— Боря считает, что меня надо было убить. И он бы меня убил, если б ему не обещали, что он будет тормозиться до лета в тюрьме. Видишь, как все просто?
Утром он ушел, и опять без вещей. И еще целый день я оставался один. Мне было так спокойно, что я перестал удивляться. Лежал на нижней шконке, курил и смотрел в окно сквозь густые «реснички». Неба видно не было, голубело между ржавым железом, даже облачка не различить. Почему им скучно, думал я, всем скучно — Артуру, Боре, Грише, был еще паренек на общаке — Князек, и ему скучно. Скука — это однообразие, думал я, — монотонность? Дьявол однообразен, хотя бесконечно «развлекает».

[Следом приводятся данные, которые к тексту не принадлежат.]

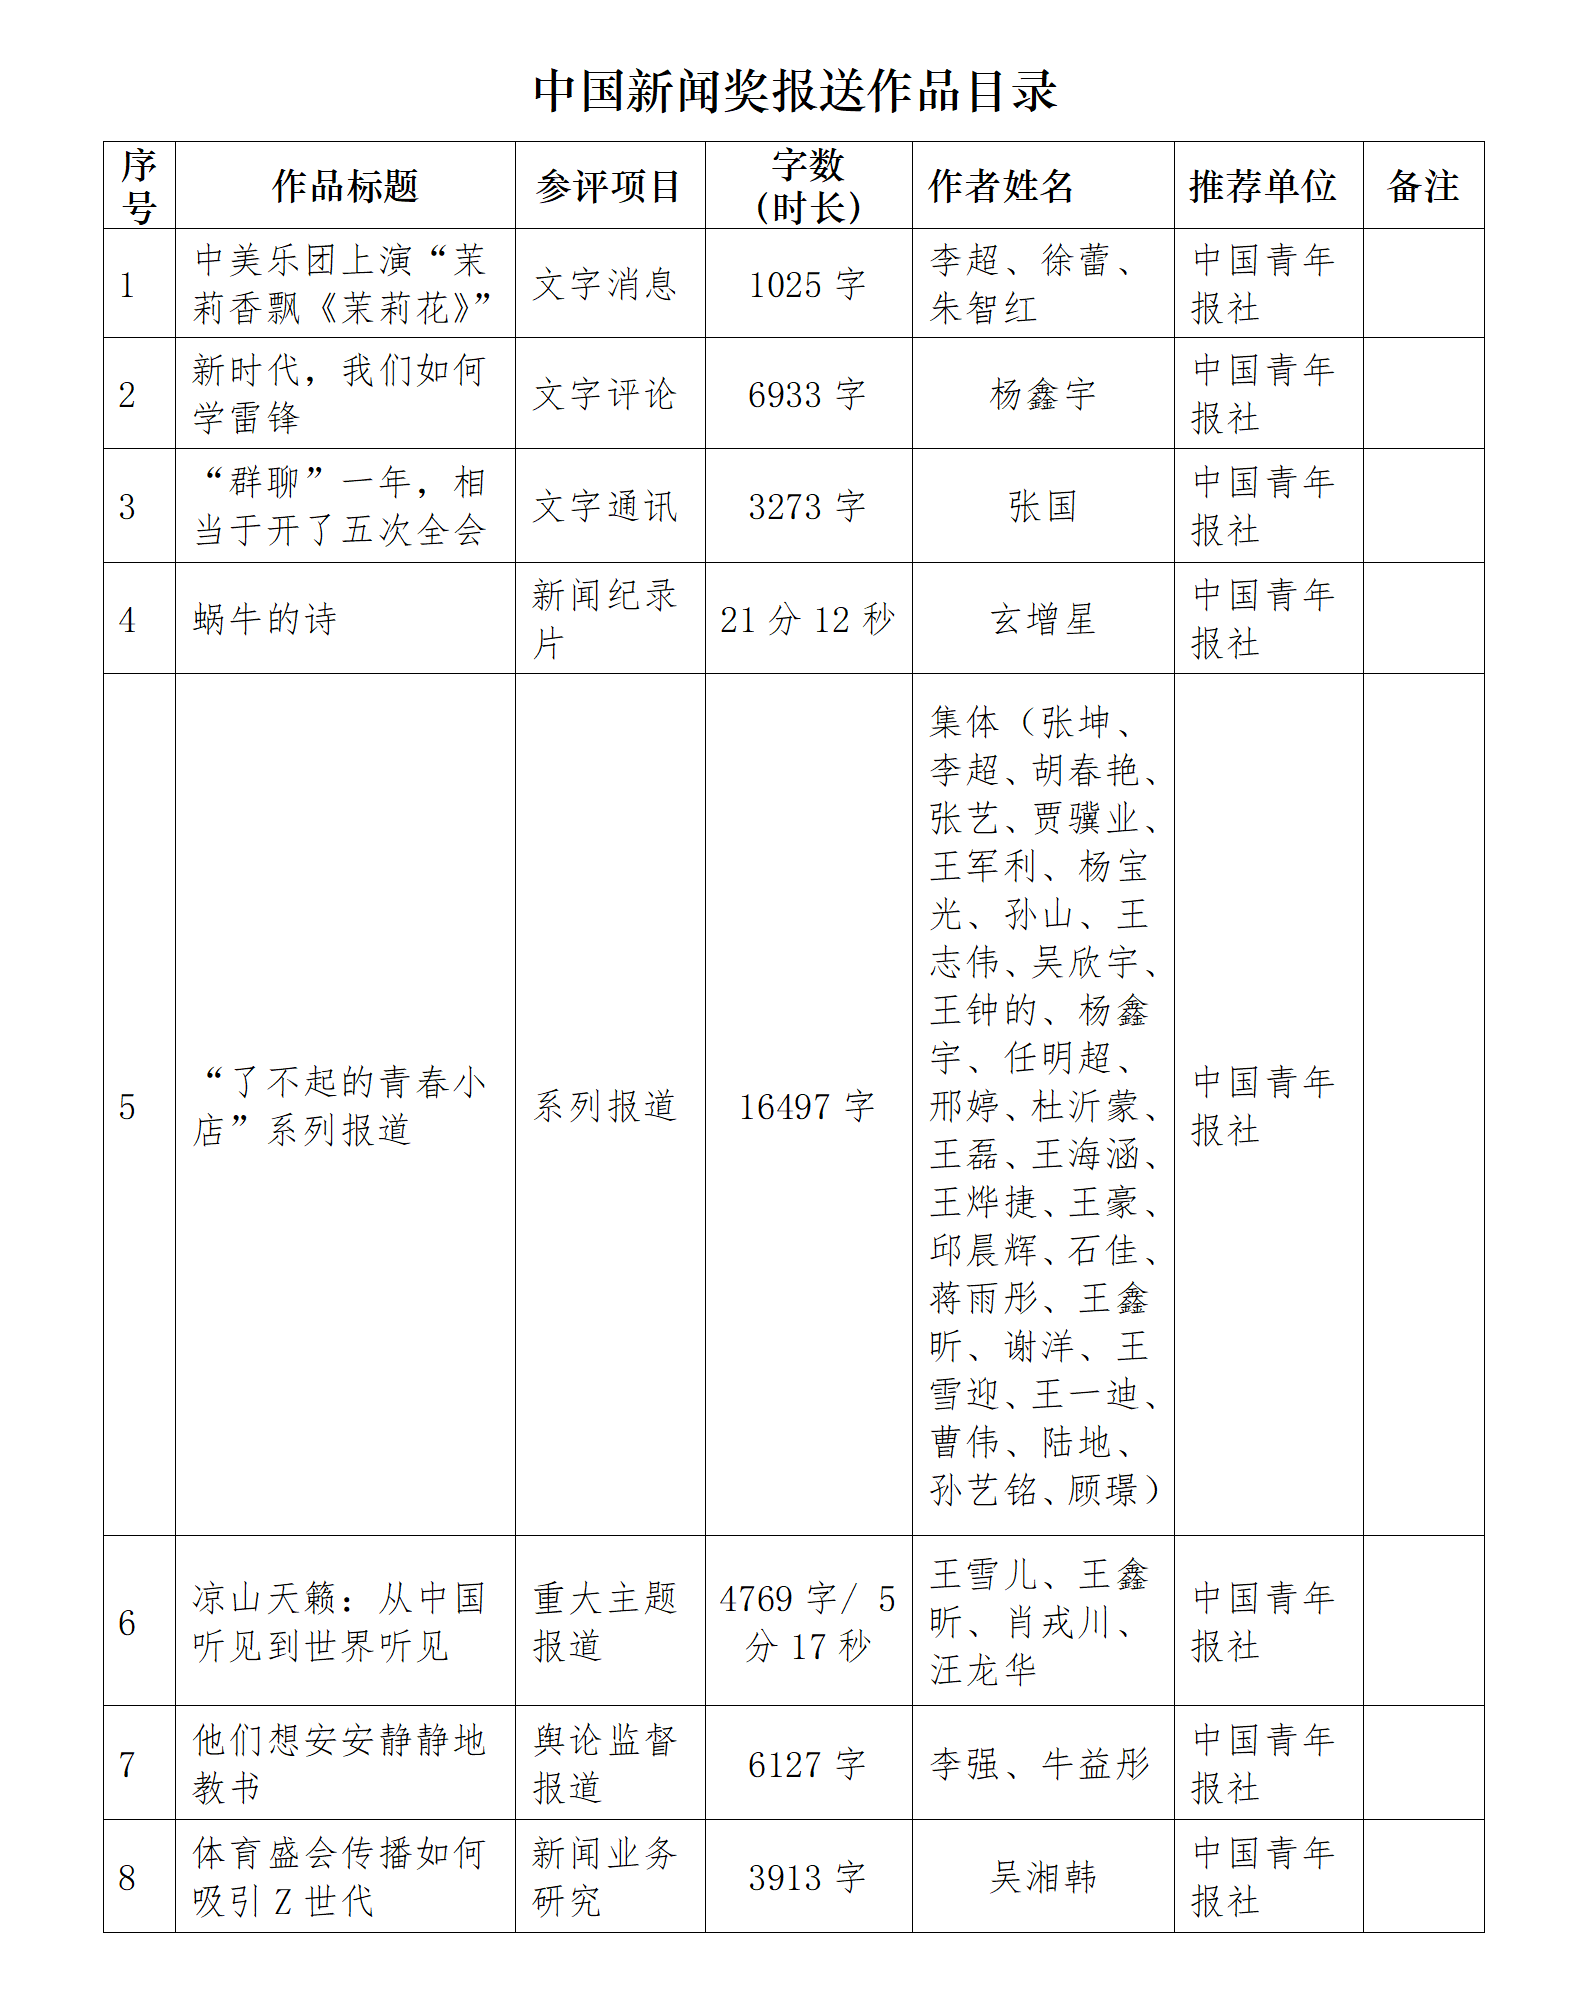 中国青年报社推荐参评 第34届中国新闻奖报送作品公示

Привели Гришу поздно, поздней, чем накануне. После ужина. Я уже со страхом глядел на дверь: откроется, войдет вертухай за его вещами… Он был опять другой… Решительный. Нагловатый. Веселый… Неужто веселый?
— Чего? — спросил я.
— Пятнадцать лет, — Гриша прошелся по камере, стуча сапогами.
— Воронок набили — по всему городу, по судам. Жарища, течет со всех… Кем набили! Трояк, четыре года, поселение… Только у одного семерик… Мелюзга! Похаваем?

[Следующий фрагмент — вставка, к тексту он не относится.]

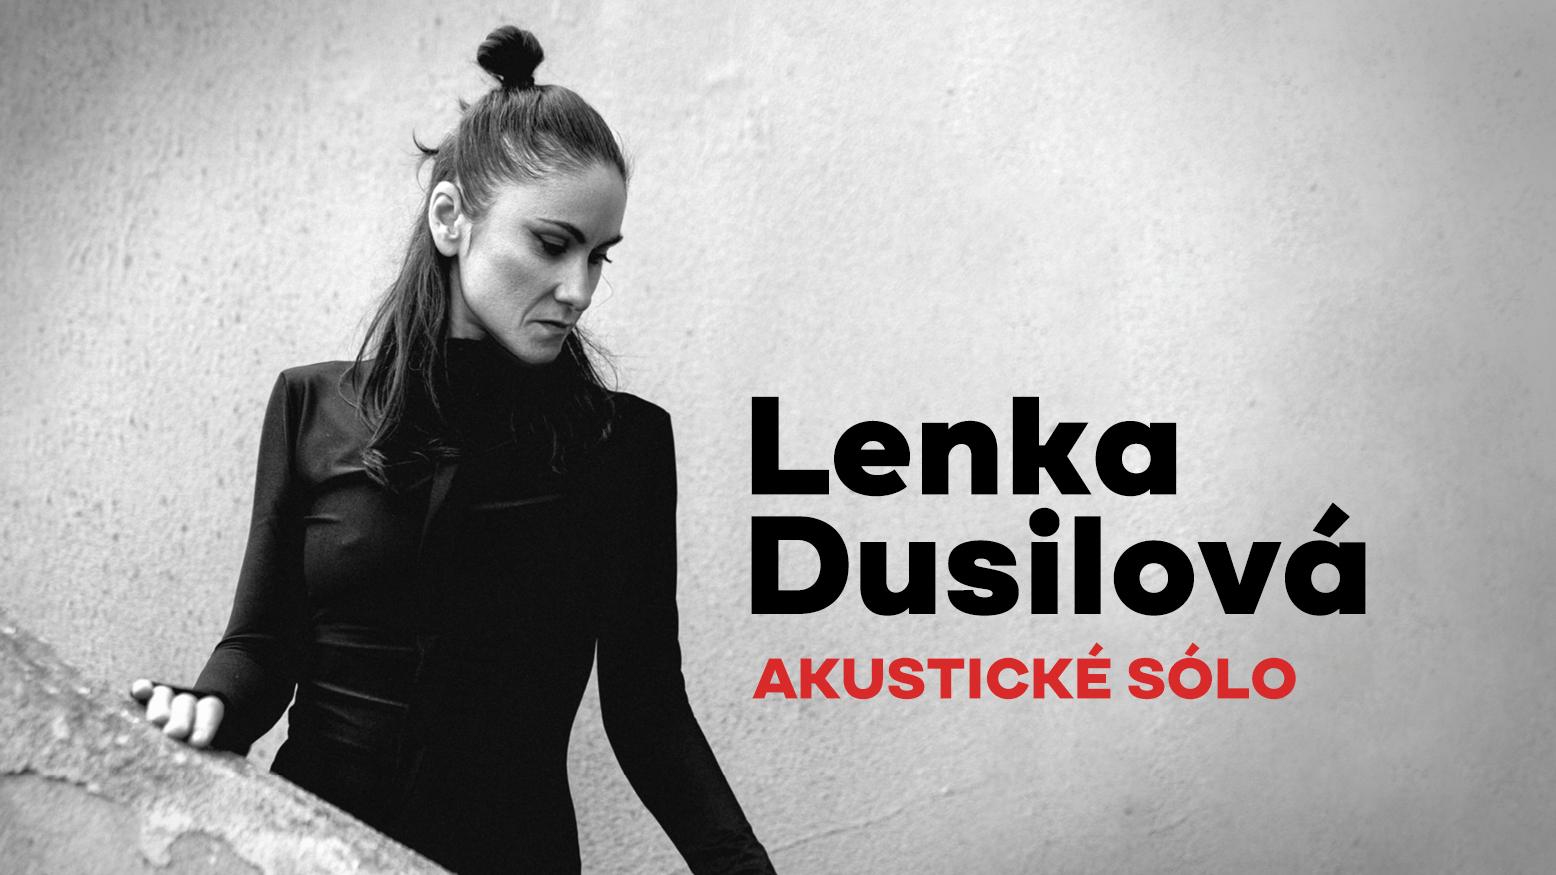 Koncert Lenka Dusilová akustické sólo

— С матерью говорил? — спросил я.
Он бегло глянул на меня и отвернулся.
— Завтра свидание… Все спрашивают, всем интересно, как в институте на экзаменах: «У тебя чего?» Я как отрежу: «Пятнашка!» Только зенки таращат… Ладно, Серый, теперь мне море по колено.
На свежевыкрашенной зеленой стене против сортира прибиты крюки — вешалка. Гриша подошел поближе, взялся за крюк и — отломил.
— Спятил? — спросил я.
— Увидишь. Я давно придумал, если вернут в камеру…
Он пошире открыл окно и полез на решку.
— Не валяй дурака, Гриша, — сказал я.Он возился на решке, гремел железом, скрежетал…
— Черт! Сорвался…
— Что ты там делаешь? — спросил я.
— Кирпич сорвался… Ну, если кому повезло…
— Прекрати, — сказал я. — Выкинут из камеры. Давай поживем спокойно.
— Спокойно не получится, Серый. Не вяжись ко мне…
Я схватил его за ногу, стащил с решки.
— Хватит, Гриша, пока я здесь, этого не будет.
— На сегодня хватит. Утром поглядим. Темно, ничего не видать…
Он говорил без умолку полночи. Рассказывал о себе, о женщинах — с яростью: «Они на меня не глядели — никогда! В упор не видели. Знаешь, как они смотрят? Глаза намазанные — синие, зеленые, рот красный…» О чем-то еще, противоречил себе в каждой очередной истории. О том, как любит старую Москву, переулки, знает каждое дерево на бульварах, а за деревьями каждый дом: «Вот что мне не скучно, — не бабы, не вся эта мерзость! Москву я сохраню в себе, не заберут — моя! Хочешь, пойдем по бульварам, в первый месяц, когда ты пришел в камеру, мы «ходили»? Пошли с любой стороны, откуда хочешь — давай со стороны Таганки до поганого бассейна?..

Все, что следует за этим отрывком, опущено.